* _Task to complete_: Starting at the top line, print the entries below exactly as they are and skip every picture.

* * * * * * * * *

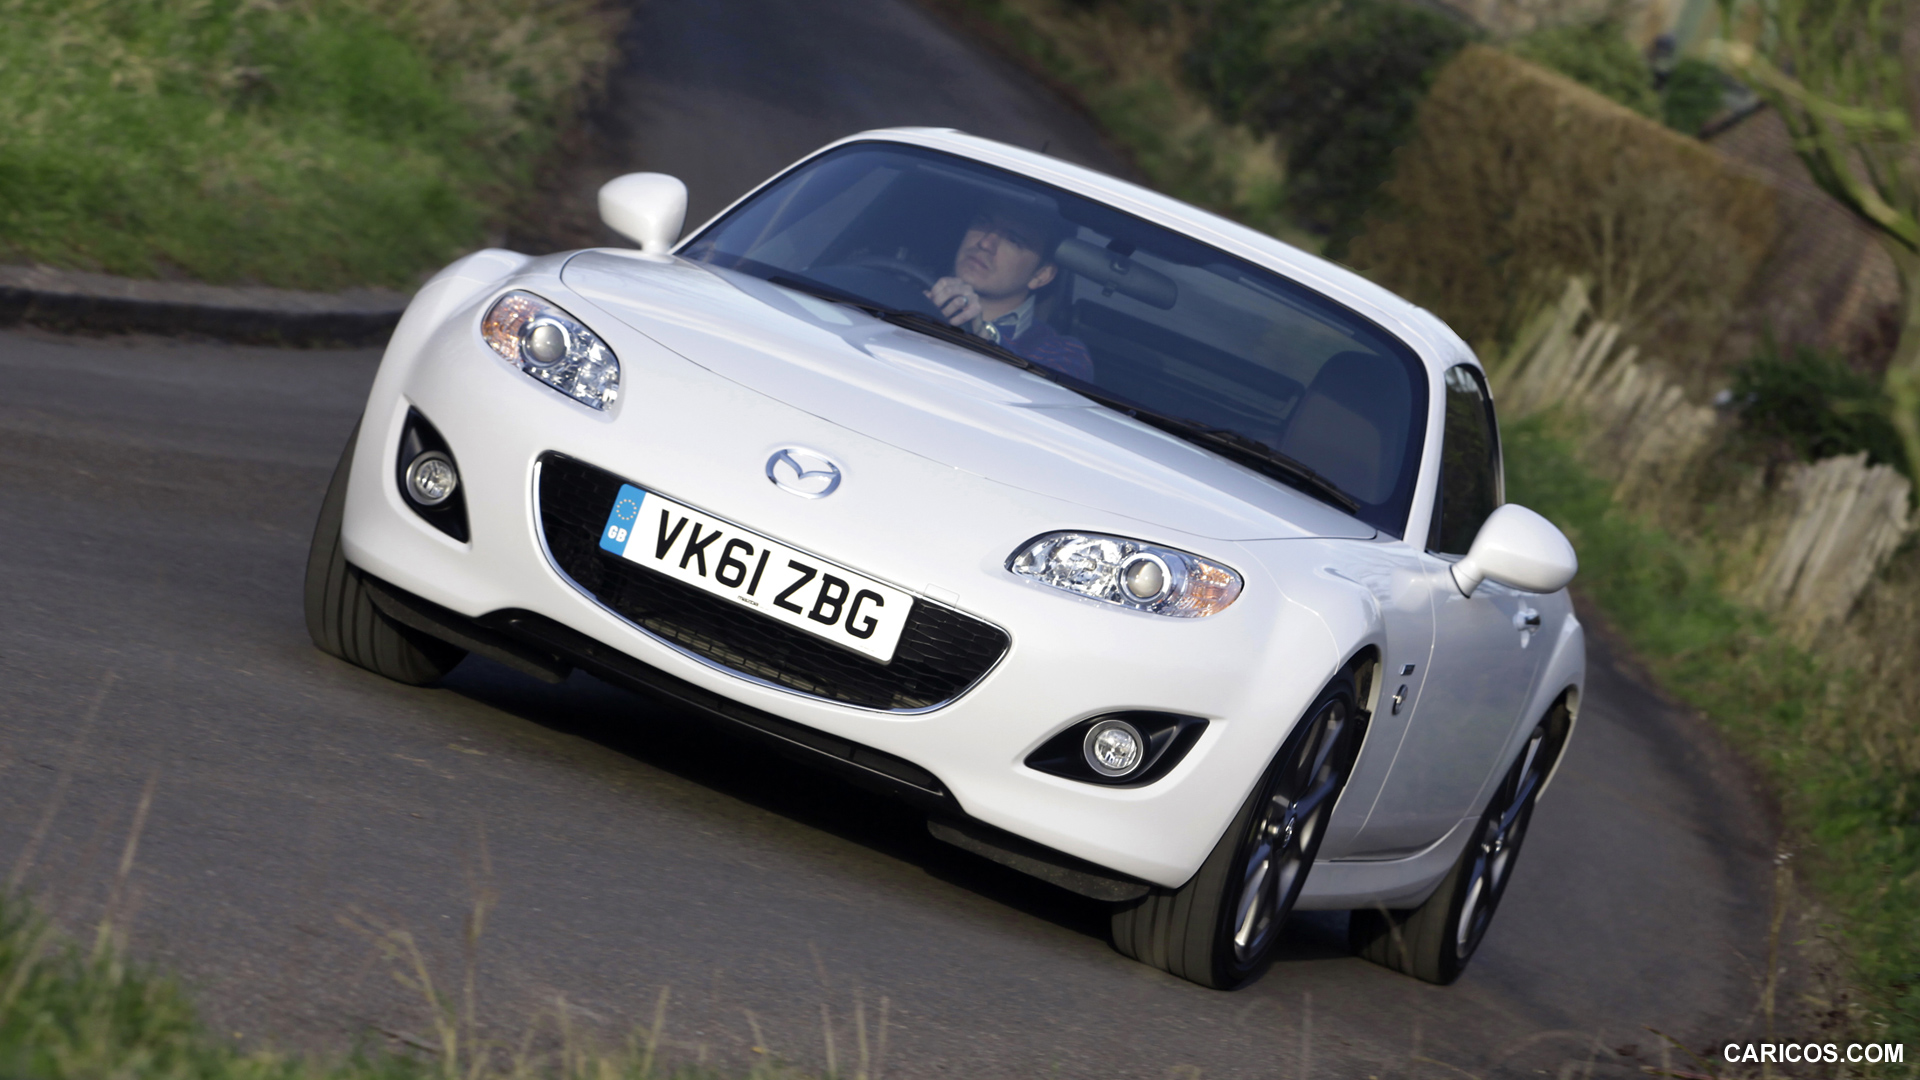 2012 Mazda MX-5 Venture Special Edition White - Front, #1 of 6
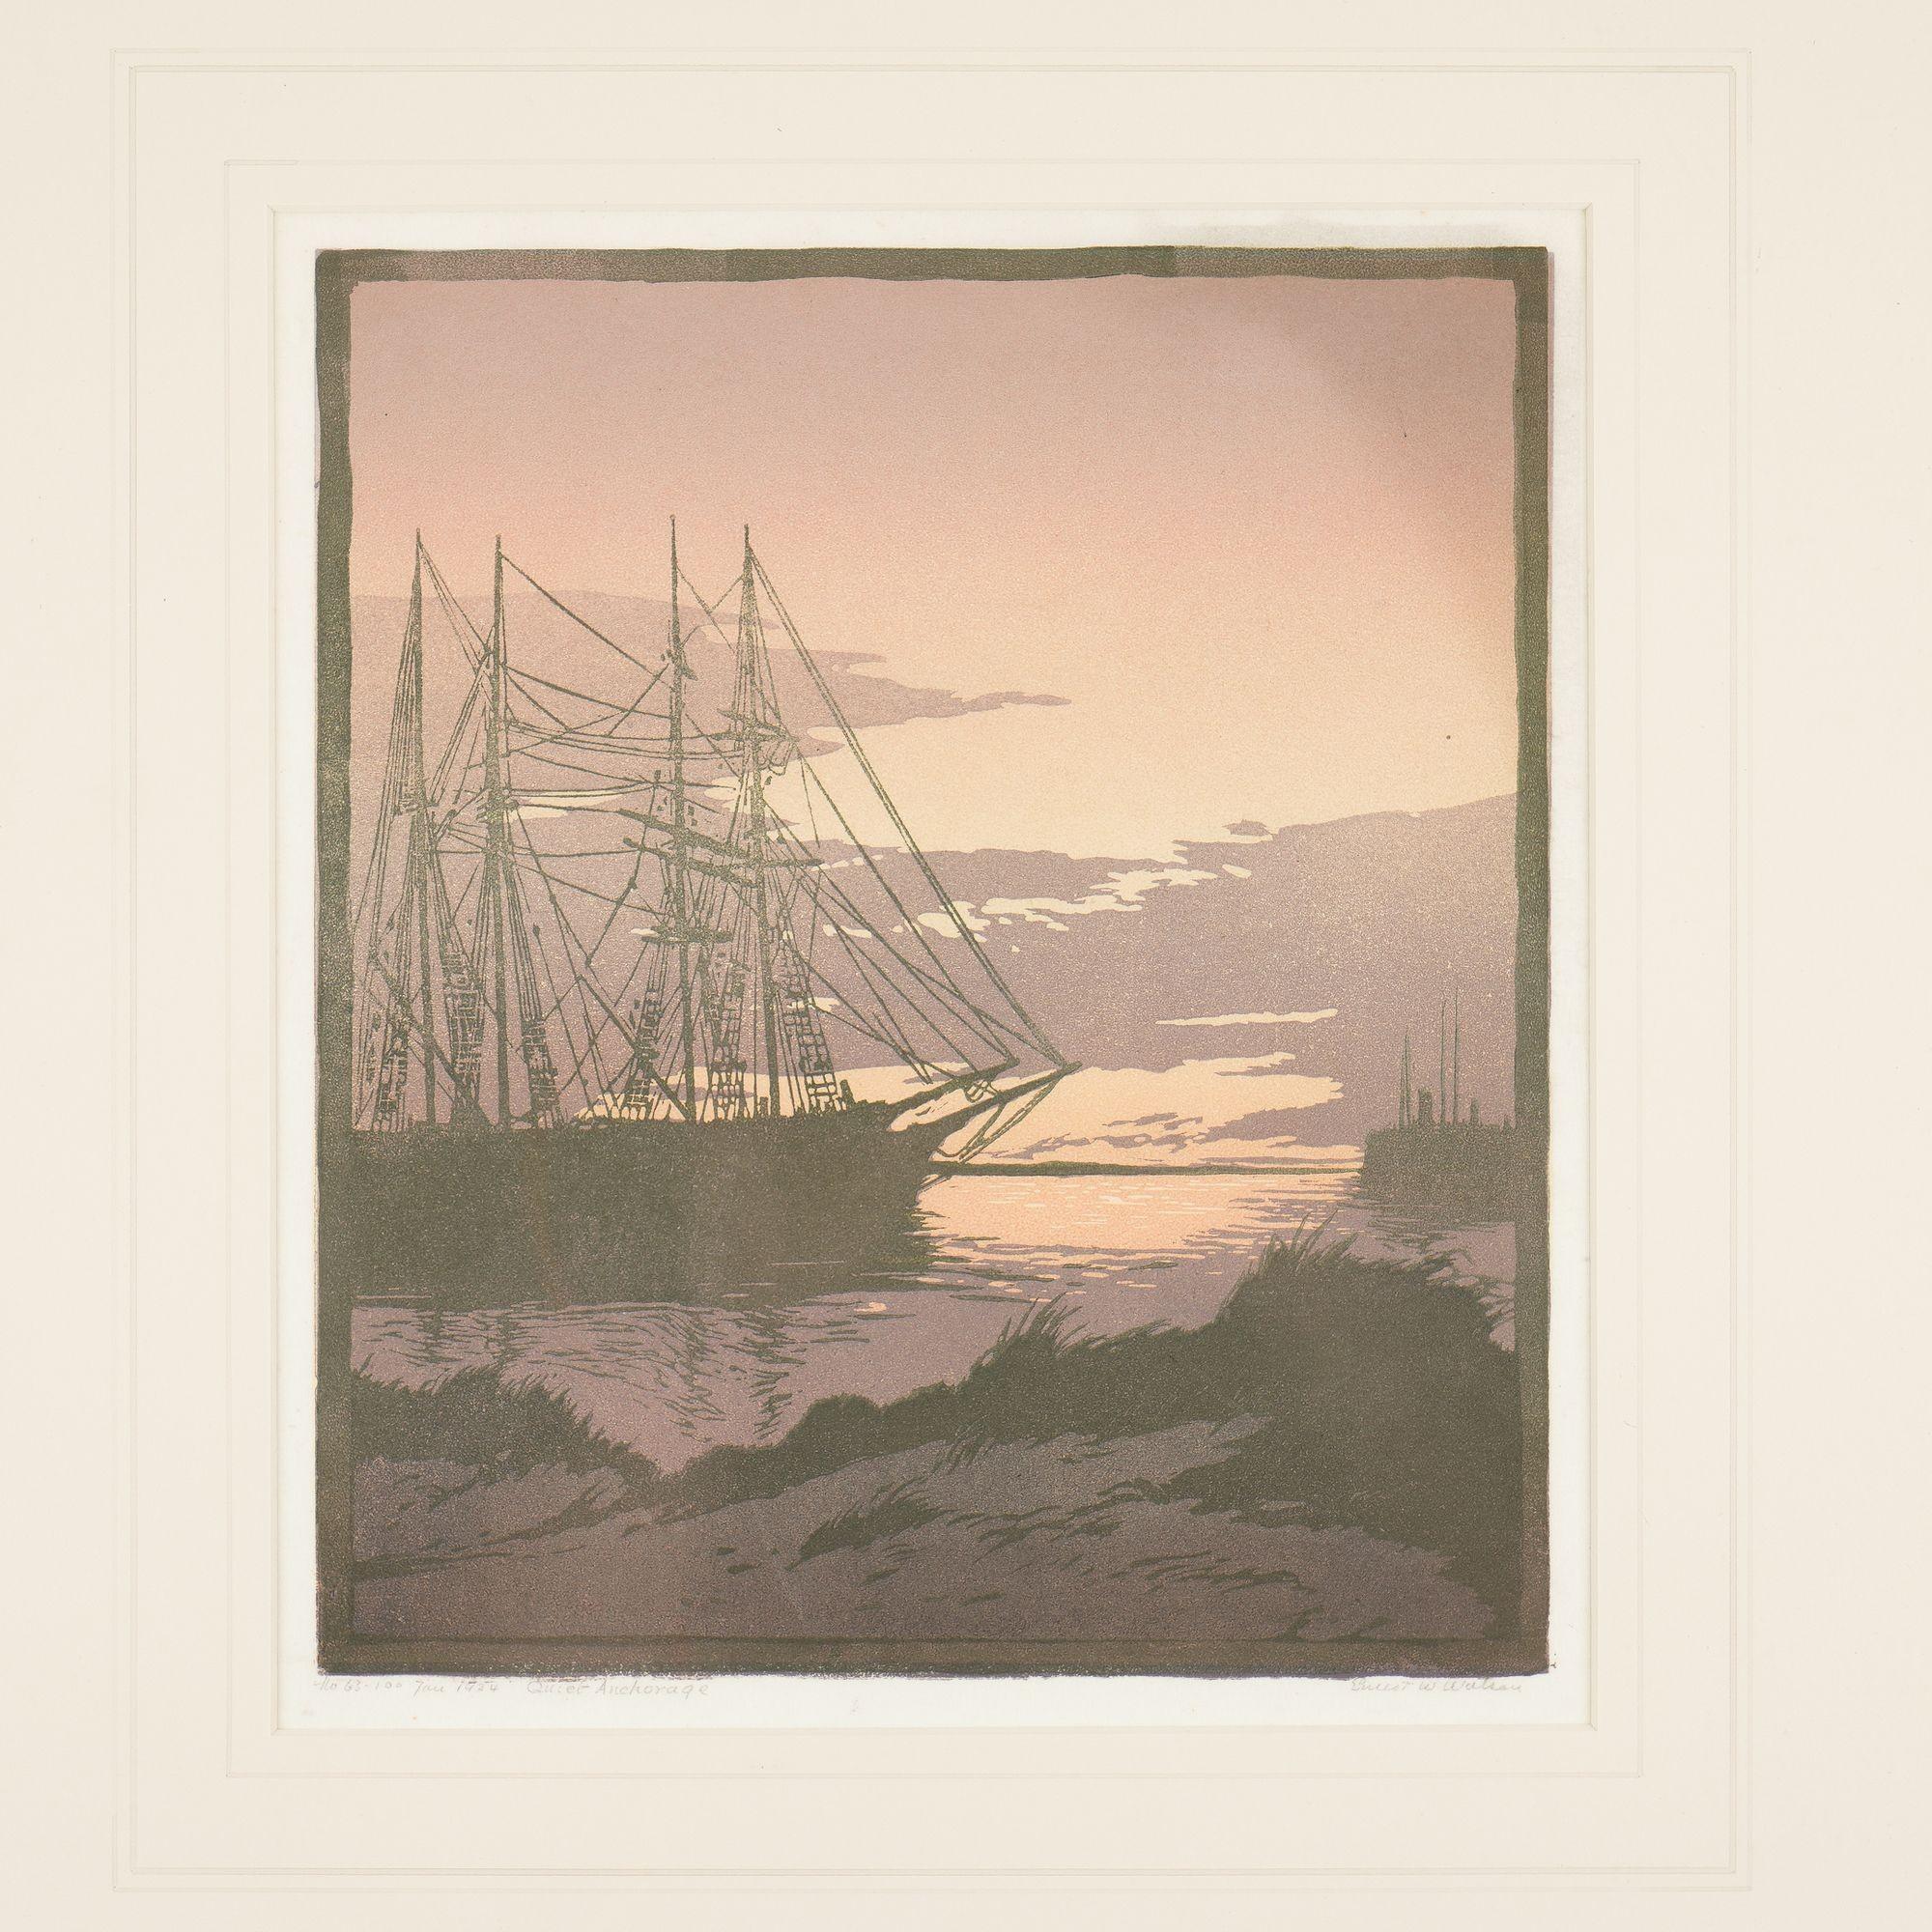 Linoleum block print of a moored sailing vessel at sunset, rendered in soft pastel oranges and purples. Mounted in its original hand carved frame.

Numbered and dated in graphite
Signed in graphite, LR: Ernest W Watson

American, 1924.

* * * * * * * * *

* _Output for this exercise_:
 2012 Mazda MX-5 Venture Special Edition White - Front, #1 of 6
 Linoleum block print of a moored sailing vessel at sunset, rendered in soft pastel oranges and purples. Mounted in its original hand carved frame.

Numbered and dated in graphite
Signed in graphite, LR: Ernest W Watson

American, 1924.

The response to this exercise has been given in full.